🏖 Easy training and deployment of seq2seq models.

Overview

Headliner

Build Status Build Status Docs codecov PyPI Version License

Headliner is a sequence modeling library that eases the training and in particular, the deployment of custom sequence models for both researchers and developers. You can very easily deploy your models in a few lines of code. It was originally built for our own research to generate headlines from Welt news articles (see figure 1). That's why we chose the name, Headliner.

Figure 1: One example from our Welt.de headline generator.

Update 21.01.2020

The library now supports fine-tuning pre-trained BERT models with custom preprocessing as in Text Summarization with Pretrained Encoders!

check out this tutorial on colab!

🧠 Internals

We use sequence-to-sequence (seq2seq) under the hood, an encoder-decoder framework (see figure 2). We provide a very simple interface to train and deploy seq2seq models. Although this library was created internally to generate headlines, you can also use it for other tasks like machine translations, text summarization and many more.

Figure 2: Encoder-decoder sequence-to-sequence model.

Why Headliner?

You may ask why another seq2seq library? There are a couple of them out there already. For example, Facebook has fairseq, Google has seq2seq and there is also OpenNMT. Although those libraries are great, they have a few drawbacks for our use case e.g. the former doesn't focus much on production whereas the Google one is not actively maintained. OpenNMT was the closest one to match our requirements i.e. it has a strong focus on production. However, we didn't like that their workflow (preparing data, training and evaluation) is mainly done via the command line. They also expose a well-defined API though but the complexity there is still too high with too much custom code (see their minimal transformer training example).

Therefore, we built this library for us with the following goals in mind:

  • Easy-to-use API for training and deployment (only a few lines of code)
  • Uses TensorFlow 2.0 with all its new features (tf.function, tf.keras.layers etc.)
  • Modular classes: text preprocessing, modeling, evaluation
  • Extensible for different encoder-decoder models
  • Works on large text data

For more details on the library, read the documentation at: https://as-ideas.github.io/headliner/

Headliner is compatible with Python 3.6 and is distributed under the MIT license.

⚙️ Installation

⚠️ Before installing Headliner, you need to install TensorFlow as we use this as our deep learning framework. For more details on how to install it, have a look at the TensorFlow installation instructions.
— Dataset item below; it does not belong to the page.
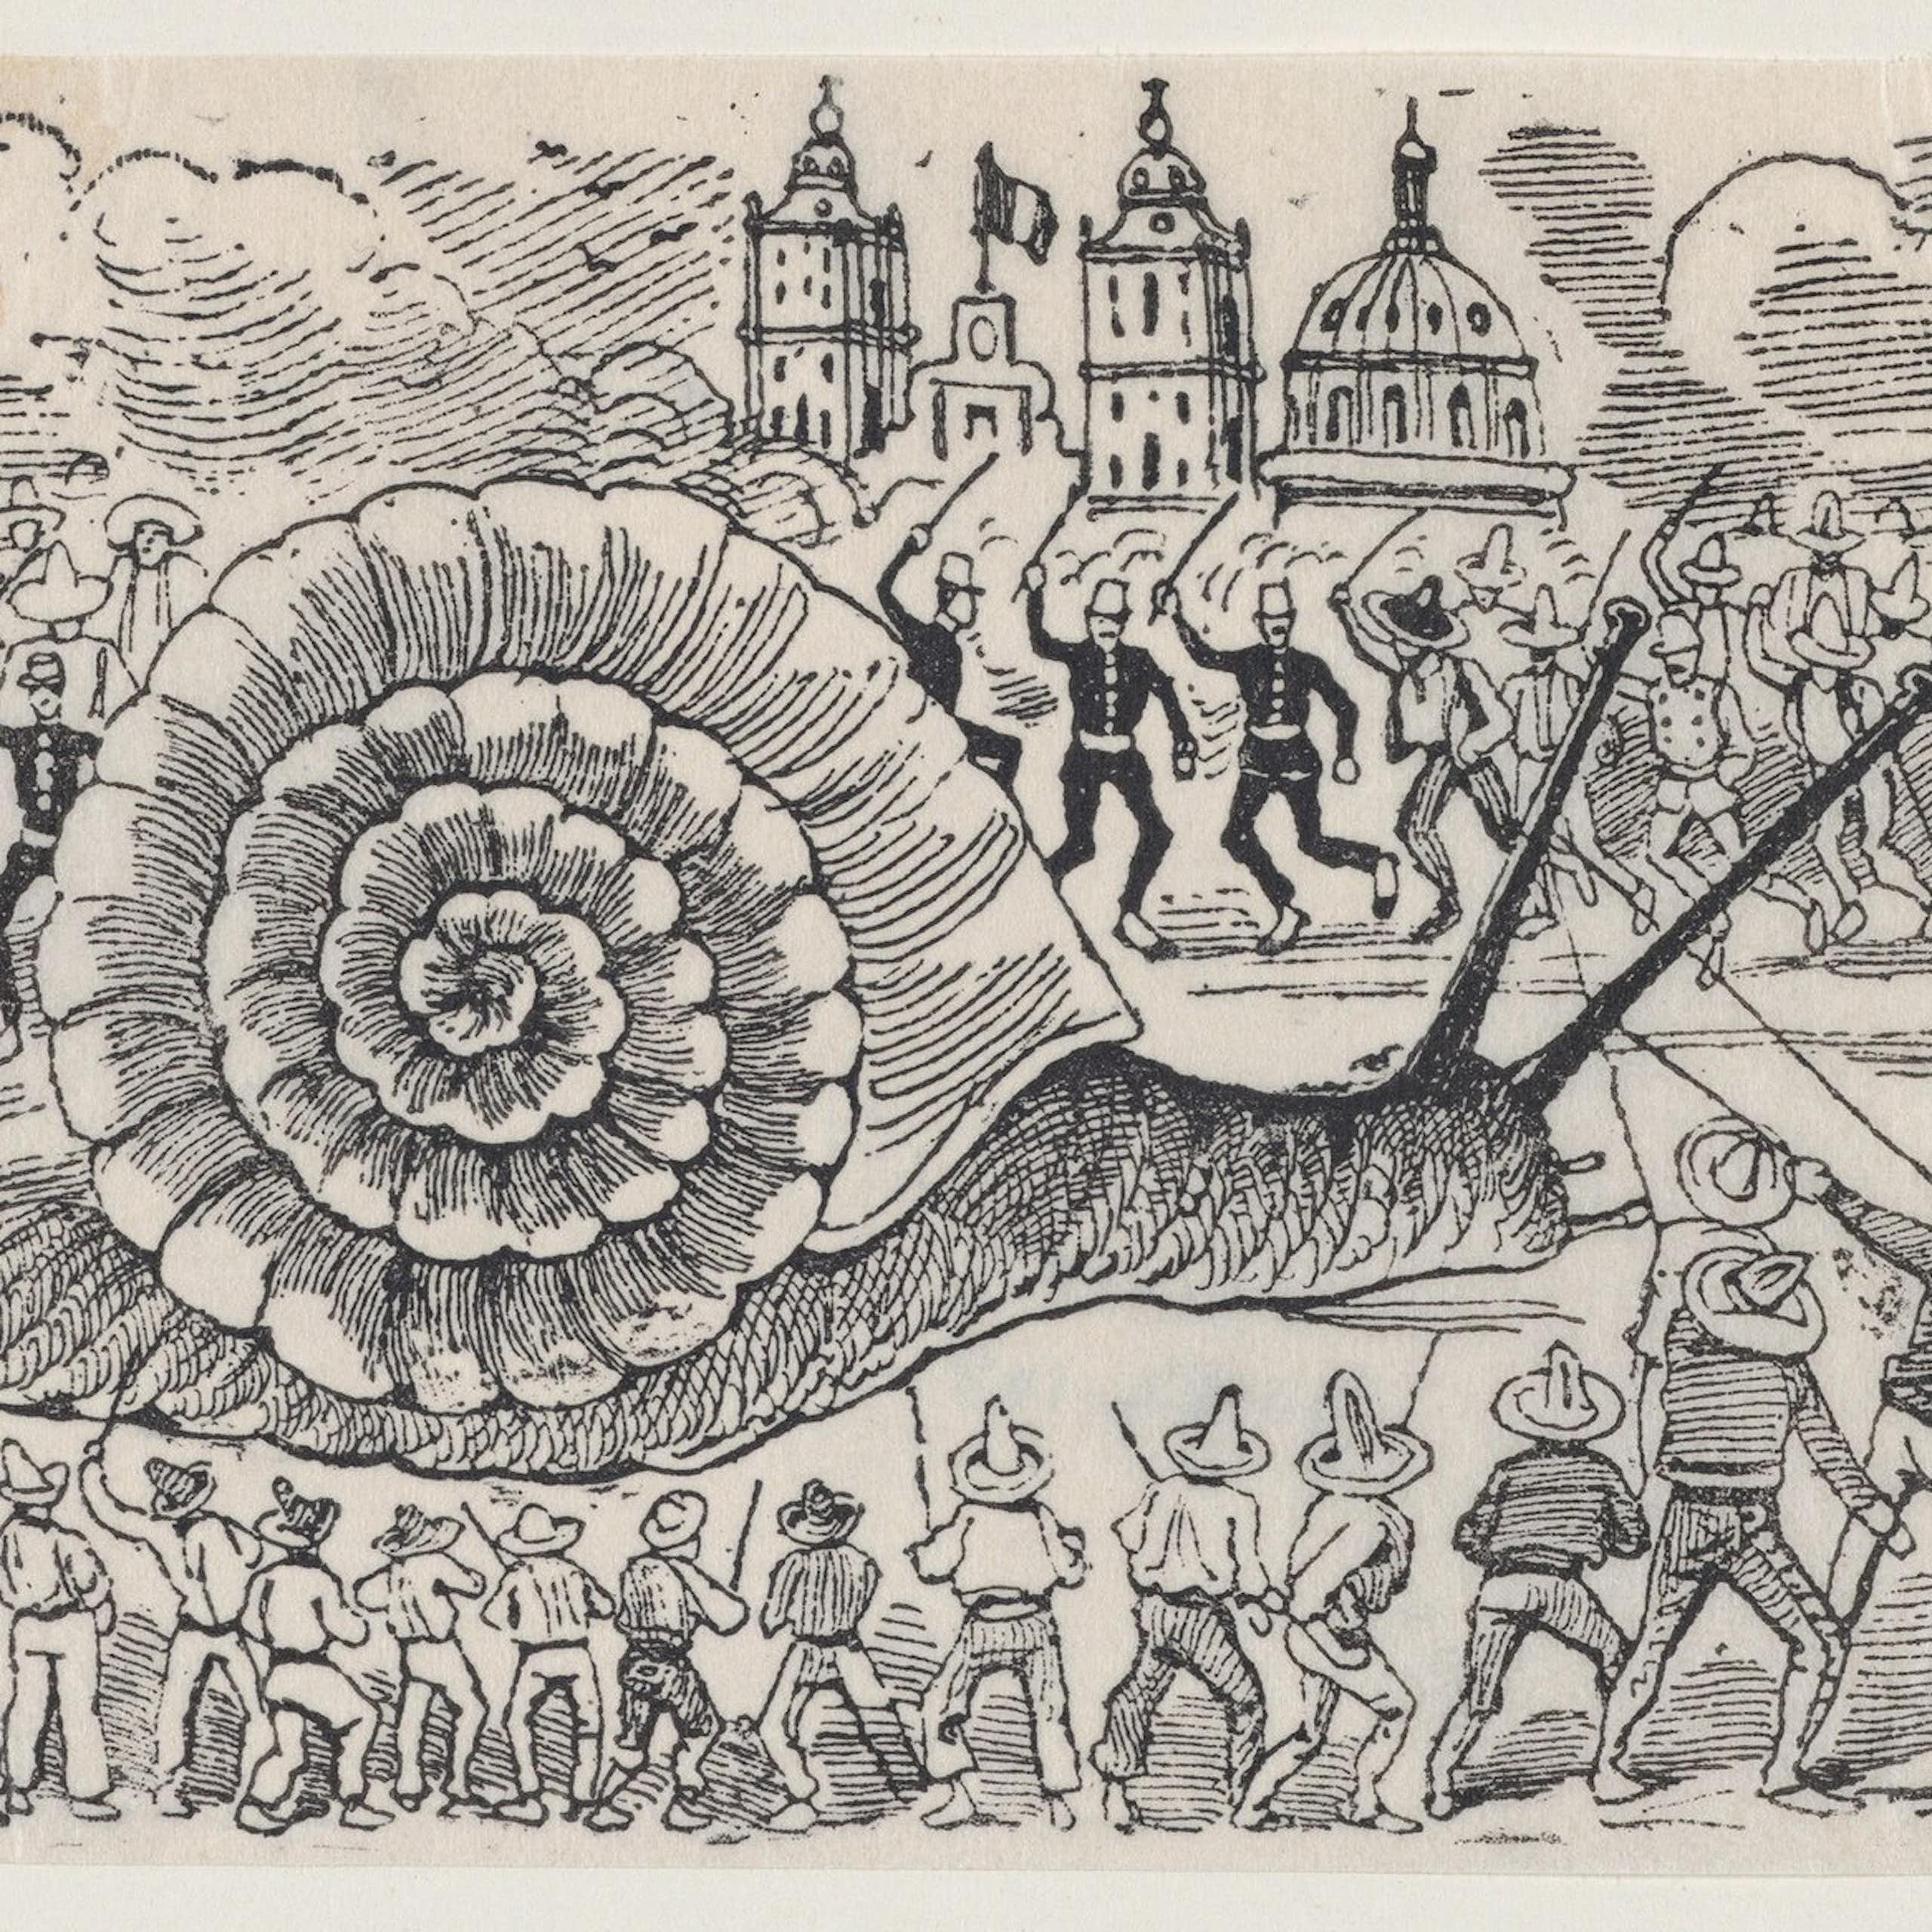 Dessin de José Guadalupe Posada représentant un escargot géant attaqué par des groupes d'hommes

Then you can install Headliner itself. There are two ways to install Headliner:

  • Install Headliner from PyPI (recommended):
pip install headliner
  • Install Headliner from the GitHub source:
git clone https://github.com/as-ideas/headliner.git
cd headliner
python setup.py install

📖 Usage

Training

For the training, you need to import one of our provided models or create your own custom one. Then you need to create the dataset, a tuple of input-output sequences, and then train it:

from headliner.trainer import Trainer
from headliner.model.transformer_summarizer import TransformerSummarizer

data = [('You are the stars, earth and sky for me!', 'I love you.'),
        ('You are great, but I have other plans.', 'I like you.')]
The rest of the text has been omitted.